Segment Start: GIVEN DATA

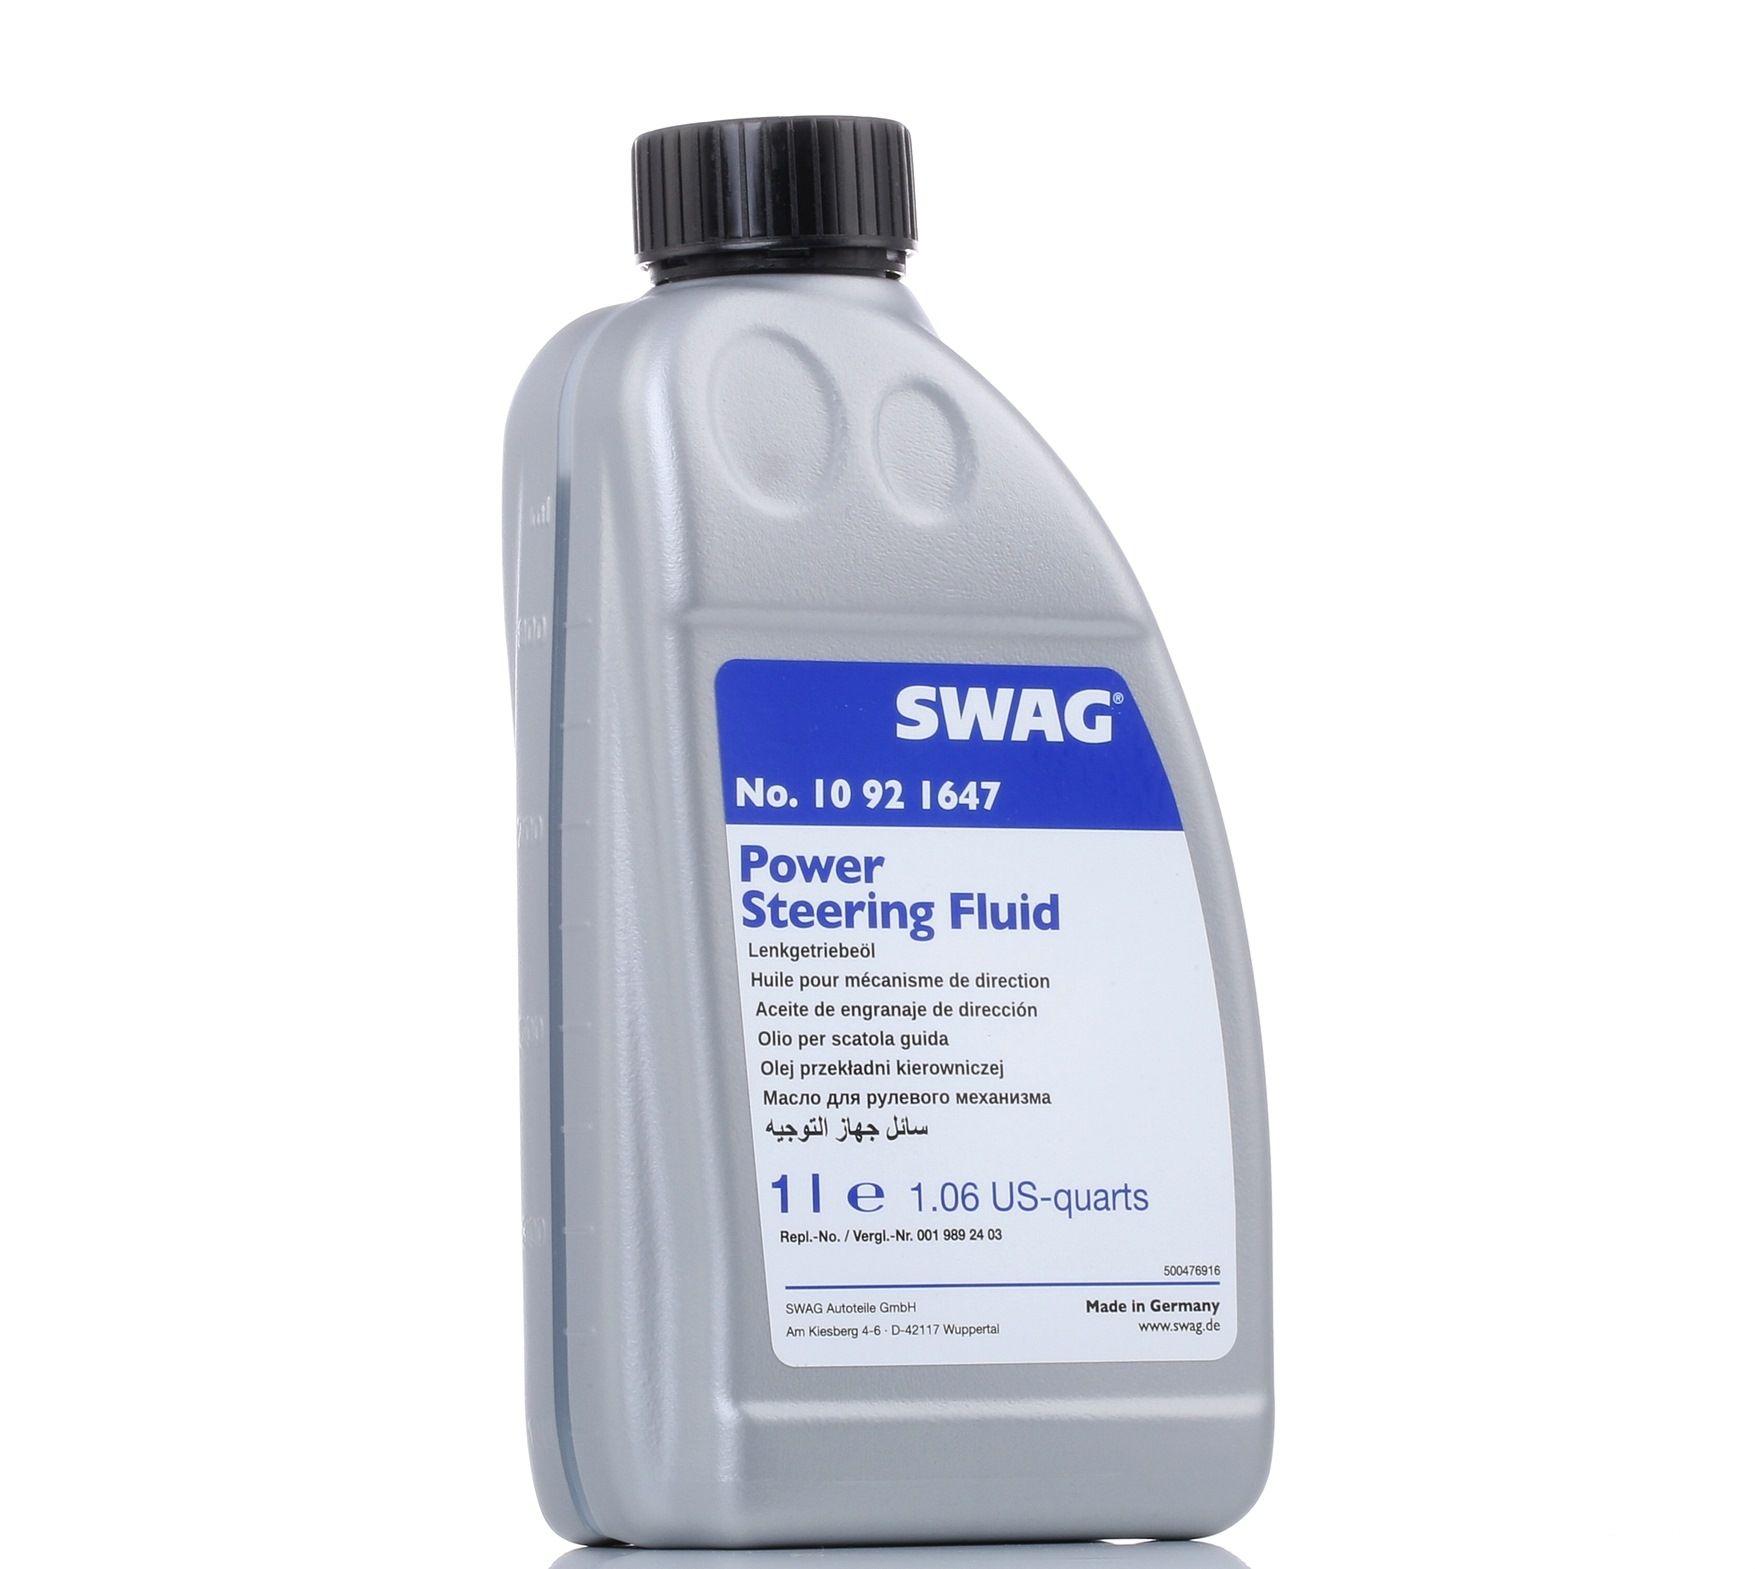 Zentralhydrauliköl 10 92 1647 im online SWAG Teile Ausverkauf
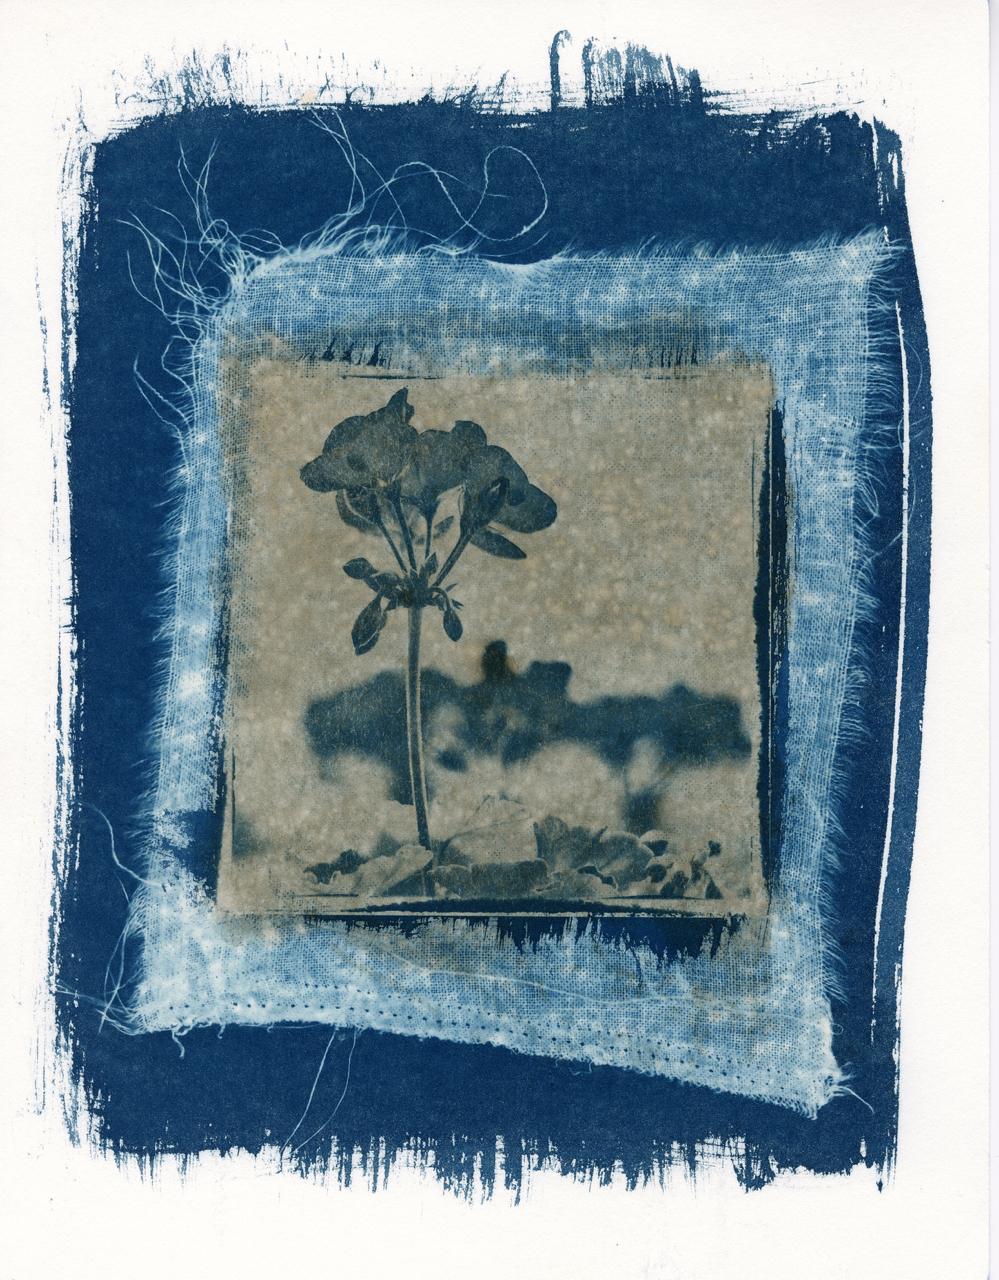 Cyanotype channeling Rothko 3
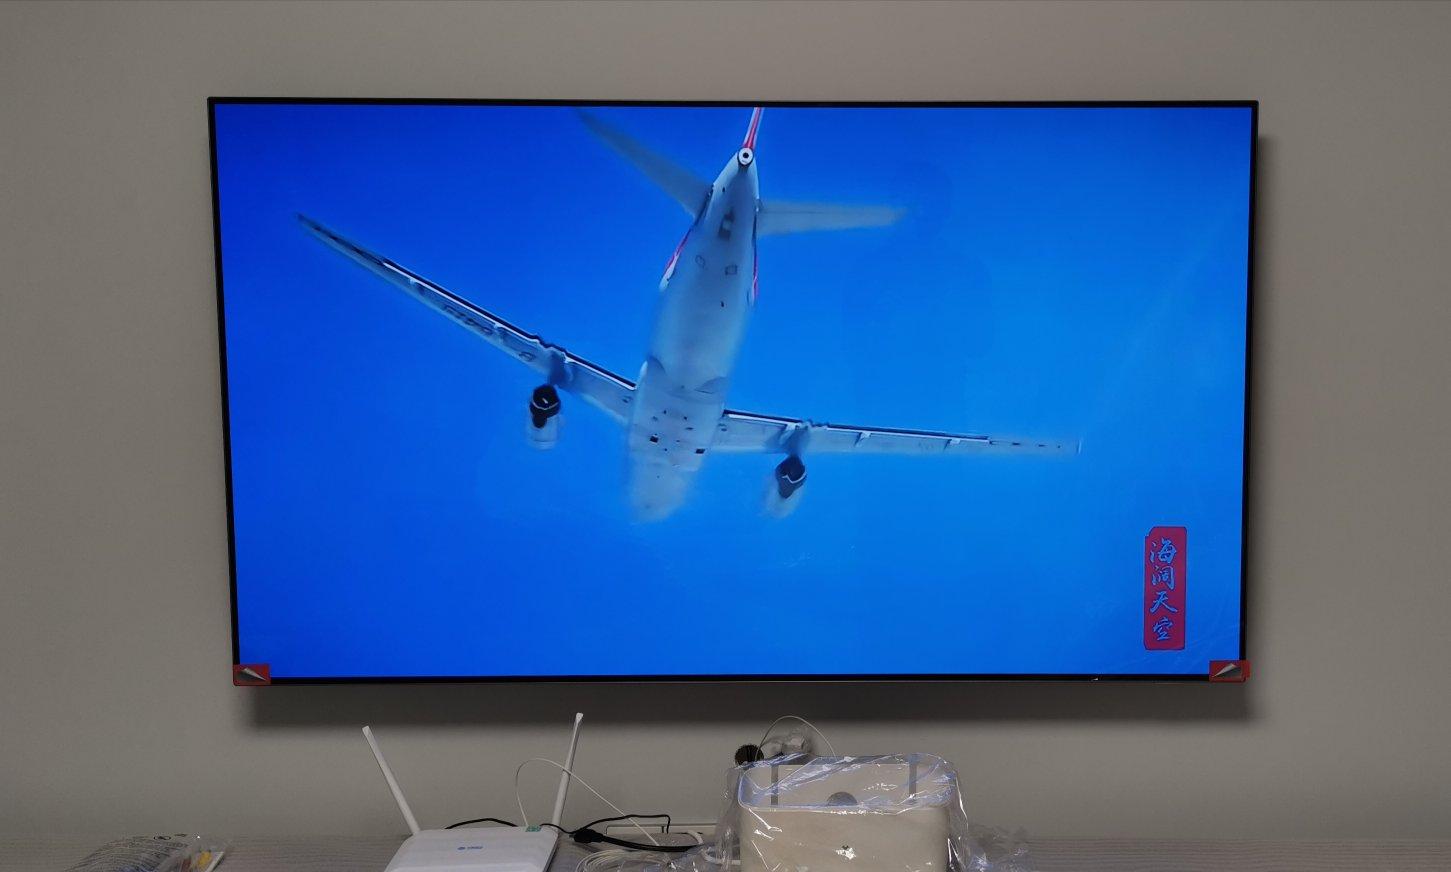 飞利浦65英寸OLED超轻薄电视,家居也搭配高端电视
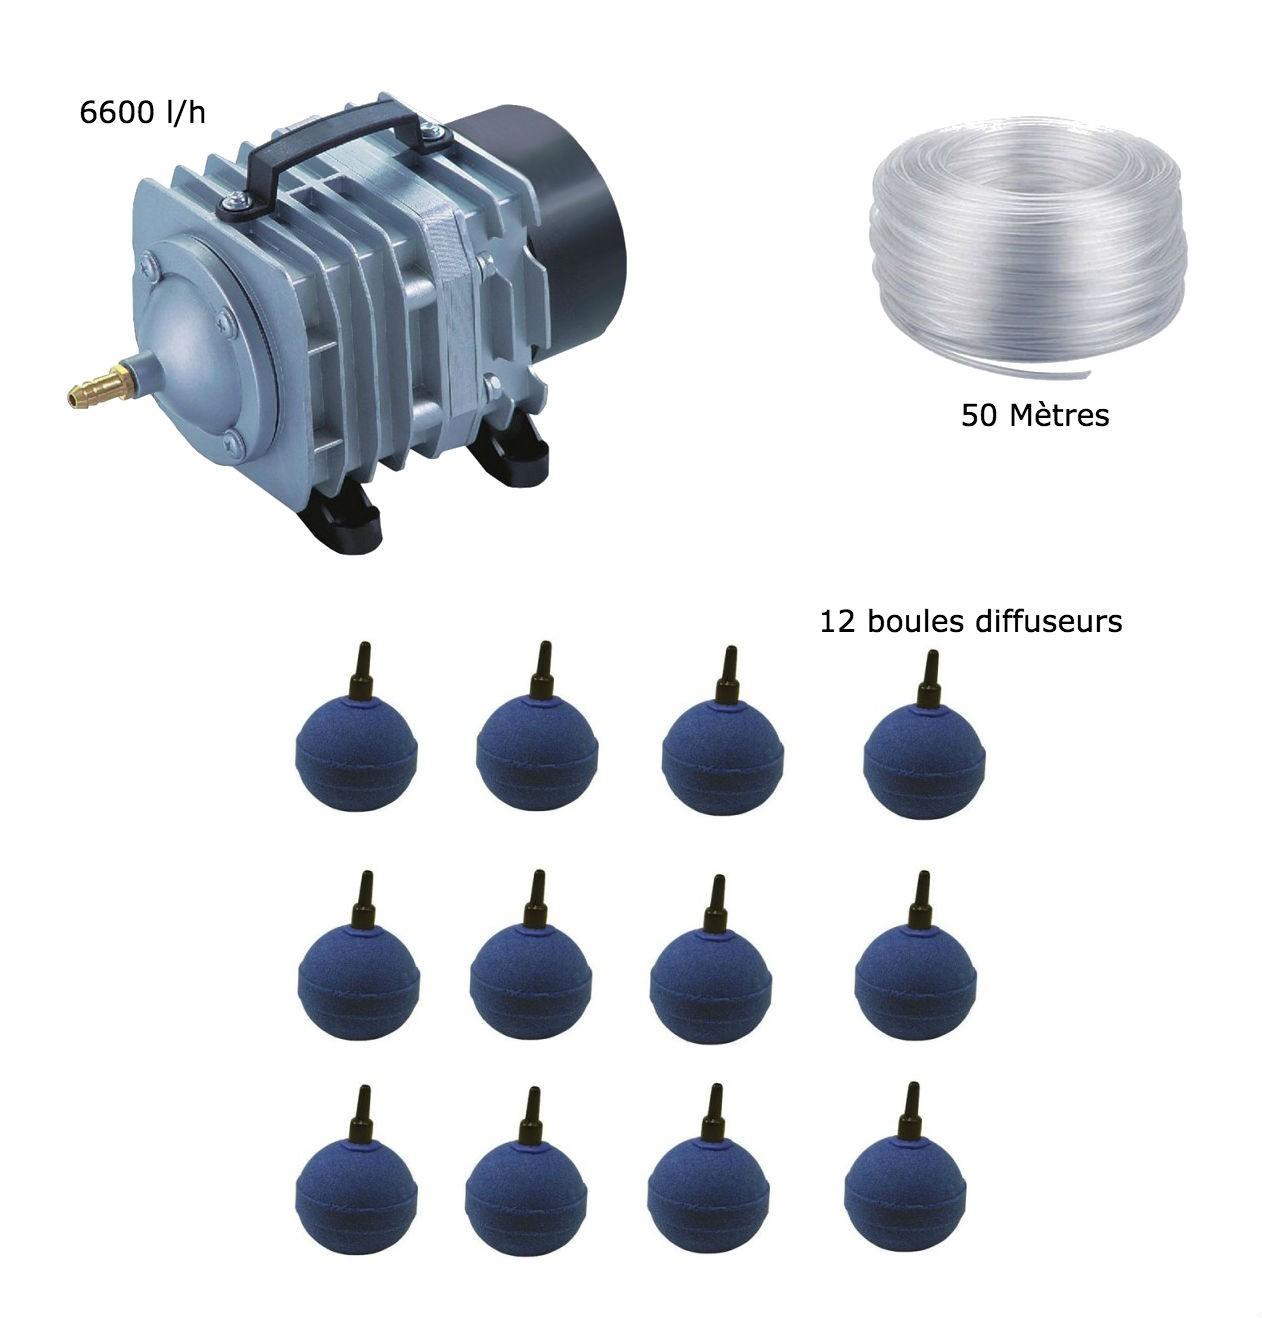 Set aération bassin de jardin 6600 l/h 12 boules de 12000 à 15000 litres
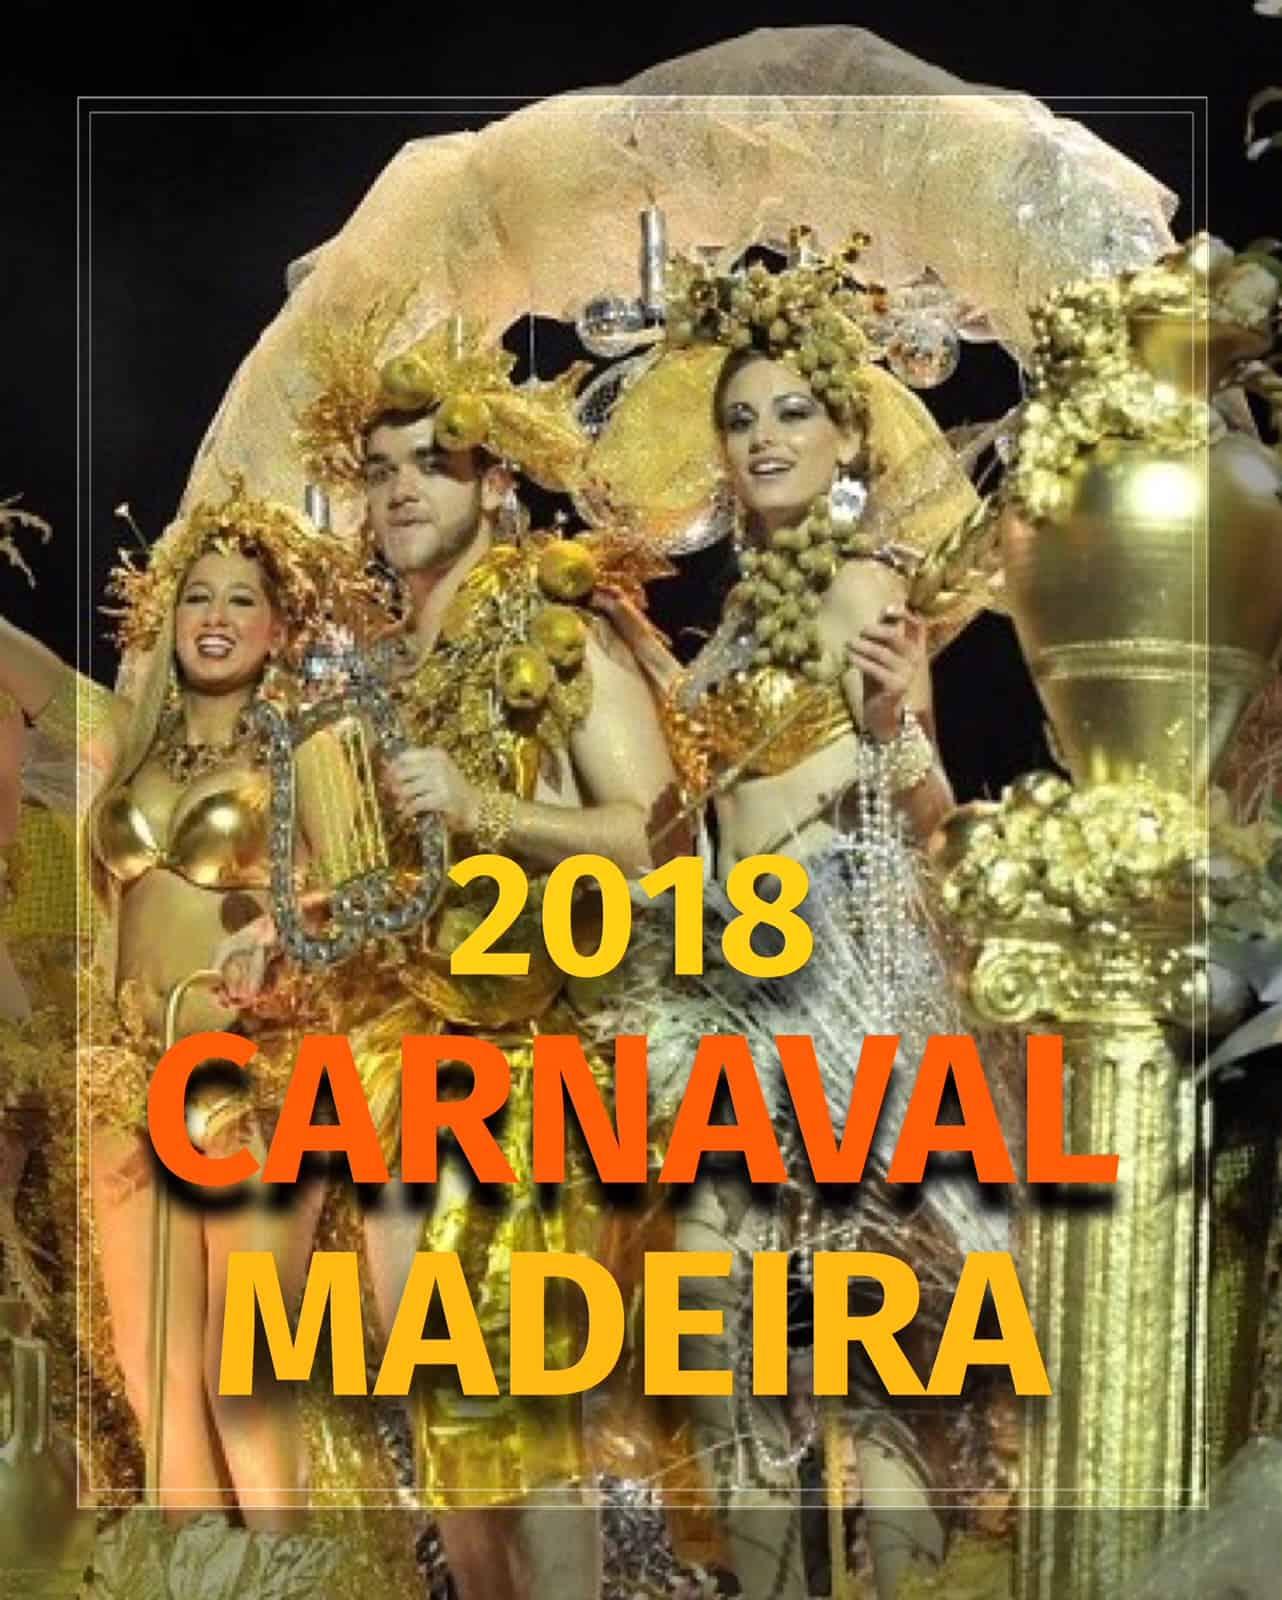 CARNAVAL DA MADEIRA 2018 | PROGRAMA GERAL

Segment End: GIVEN DATA

WORK ORDER -
Every line from the one that holds "Set aération bassin" to the last line of the records above goes into the answer, exactly as written; nothing else does, and no picture does either.

RESPONSE BELOW -
 Set aération bassin de jardin 6600 l/h 12 boules de 12000 à 15000 litres
 CARNAVAL DA MADEIRA 2018 | PROGRAMA GERAL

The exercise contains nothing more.